In this note, I show evidence of structural differences in words appearing in the 5 main clusters (see note 003) of the Voynich, suggesting that the two Currier’s languages A and B (see CURRIER (1976)) are probably only a major distinction in a bigger group of such “languages”. I also argue how these languages might be the result of different “parametrizations” of the cypher.

Methodology

Building on the work done to create a grammar of Voynichese, as described in note 008, I used the same technique{1} to create grammars for the different sections of the Voynich{2}.

The differences between each grammar and the grammar in note 008 were used to identify patterns in word structure that could characterize the different clusters. For example, in the grammar for the SB cluster (and not in the one in note 008), the production rule 6_eEB can be generated from the initial rule, meaning that sequences like ‘e-‘, ‘ee-‘, or ‘eee-‘ at the beginning of words are a potentially distinctive feature of this cluster.

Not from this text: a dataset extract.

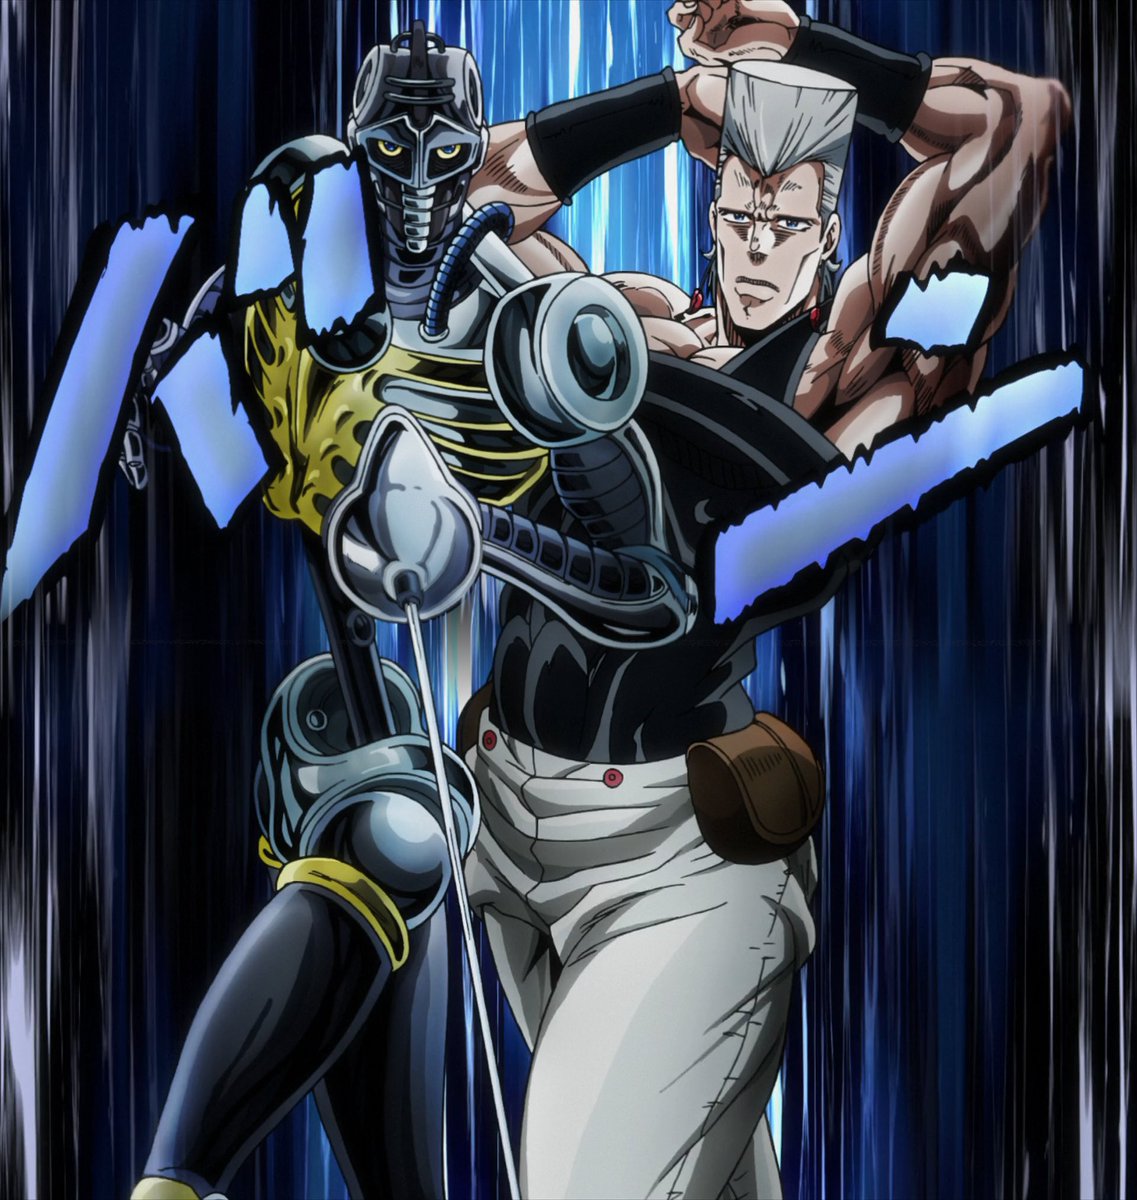 Stand Proud

Callback to Chapter 13

Frequencies with which these patterns appear in each page are collected{3} and fed into an algorithm to create a decision tree{4} that classifies pages based on these patterns, which is shown below.

if <= 2% of tokens contain 'ed' then [ 

	- This is Currier's Language A -
	
	if > 14% of tokens contain 'eo' then [
		if > 4% of tokens begin with 'cth' [
			Cluster is HA
		] else [
			Cluster is PA
		]
	] else [
		Cluster is HA
	]
] else [ 

	- This is Currier's Language B -
	
	if any token contains 'so' then [
		if > 4% of tokens contain 'eo' then [
			Cluster is SB
		] else [
			Cluster is BB
		]
	] else [
		Cluster is HB
	]
]

Surprisingly, the resulting tree is very compact and manages to classify pages in the main clusters with a 92% accuracy (164 pages classified correctly, 14 classified in the wrong cluster){5}, as can be seen in the below confusion matrix.

Confusion matrix

As a test, the same pages have been assigned a random cluster out of possible 5, and the process has been repeated. The resulting decision tree contains 11 rules (instead of 6) and reaches only a 54% accuracy, showing that structural features we found are indeed correlated with clusters we identified in note 003. As further confirmation, the below picture is an UMAP projection of the pages, using the patterns as dimensions. As you can see, Currier’s languages are clearly separated and pages in the same cluster group nicely together.

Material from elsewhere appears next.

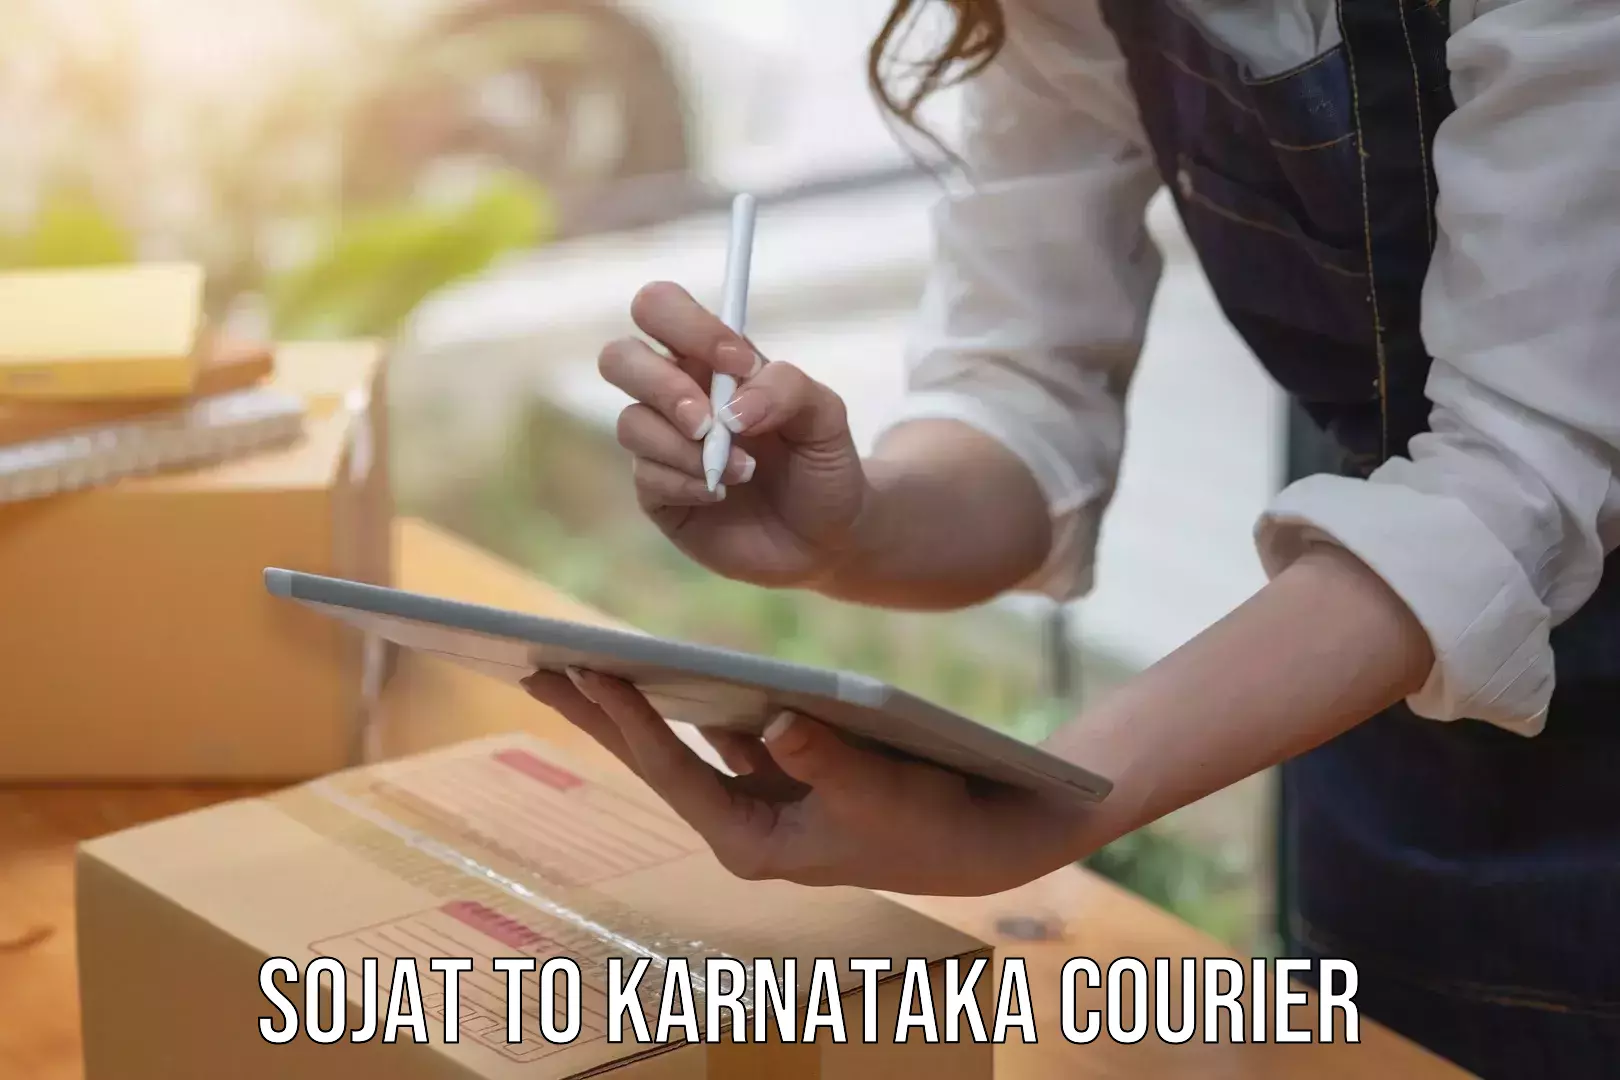 Global courier networks Sojat to Malur

UMAP projection (Neighbors=35) of pages, using patterns as dimensions

Conclusions

The above results suggest that the difference between words in different clusters is not a difference in vocabulary (e.g., the same difference between an English article about astronomy compared to an article in botany), rather a difference in inner structure of the words (e.g., like words in English, that often contain the sequence “th”, when compared to Italian words where this sequence is not permitted). It can be an indication that the two Currier’s “languages” A and B are probably only a major distinction within a group of (at least) five such “languages”.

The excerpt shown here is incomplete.